4. Product Affinity & Cross-Sell Intelligence
- Calculated and exposed core association metrics:
- Support
- Confidence
- Lift
- Enabled identification of cross-sell and bundling opportunities
Insights supported merchandising, promotions, and targeted campaigns.
Solution Architecture (High Level)
Architecture designed for scalability, reuse, and consistency across programs.
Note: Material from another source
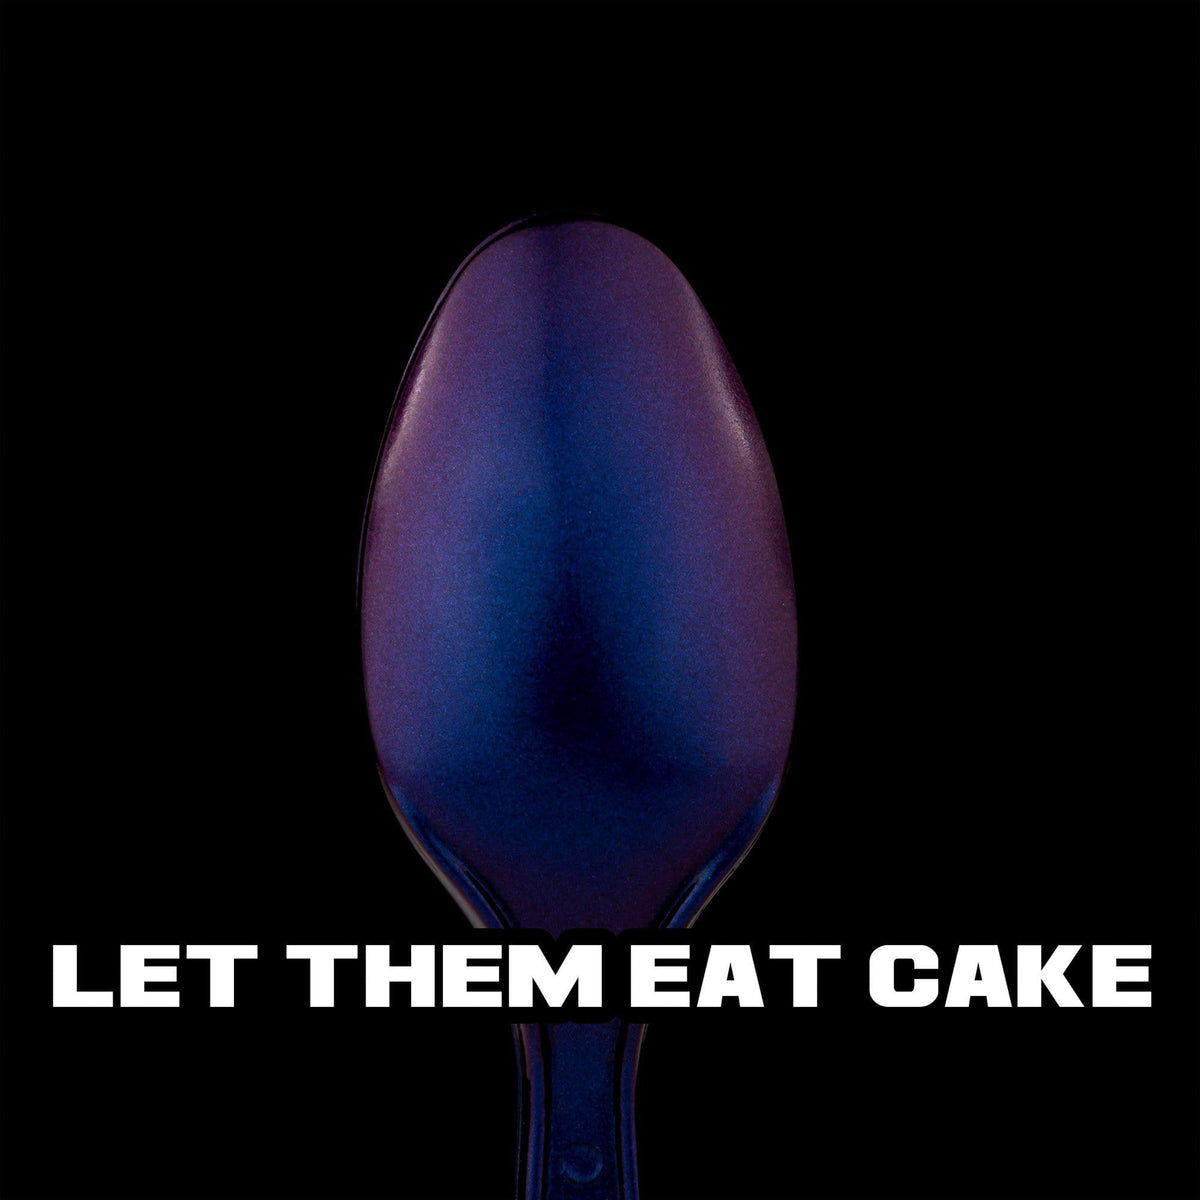 Let Them Eat Cake Colorshift Acrylic Paint Turboshift Turbo Dork Exit 23 Games Let Them Eat Cake Colorshift Acrylic Paint

- Source Data: Transactional sales and customer data from ERP and retail systems
- Data Platform: Microsoft Fabric-based analytics layer
- Modeling: Customer-level aggregation, behavioral metrics, segmentation logic
- Analytics Layer: Power BI semantic models and interactive analysis views
- Consumption: Marketing, sales, and leadership dashboards with drill-through capability
My Role
I led this program across the full analytics lifecycle, including
- Defining customer intelligence objectives with stakeholders
- Designing customer lifecycle and segmentation logic
- Translating business questions into analytical models
- Building reusable customer-centric data models
- Aligning analytics outputs with marketing and retention strategies
Outcomes & Impact
- Clear visibility into customer value and lifecycle behavior
- Improved targeting of retention and engagement initiatives
- Reduced reliance on broad, untargeted campaigns
- Better alignment between sales, marketing, and analytics teams
- Established a scalable foundation for future customer analytics and AI-driven personalization
Representative Solutions Within This Program
- RFM Analysis & Segmentation
- Customer Churn & Retention (Absolute & Relative models)
- Market Basket / Product Affinity Analysis
Why This Program Matters
This program enabled the organization to shift from transaction-level reporting to customer-centric decision-making, supporting sustainable growth through better retention, smarter segmentation, and targeted engagement.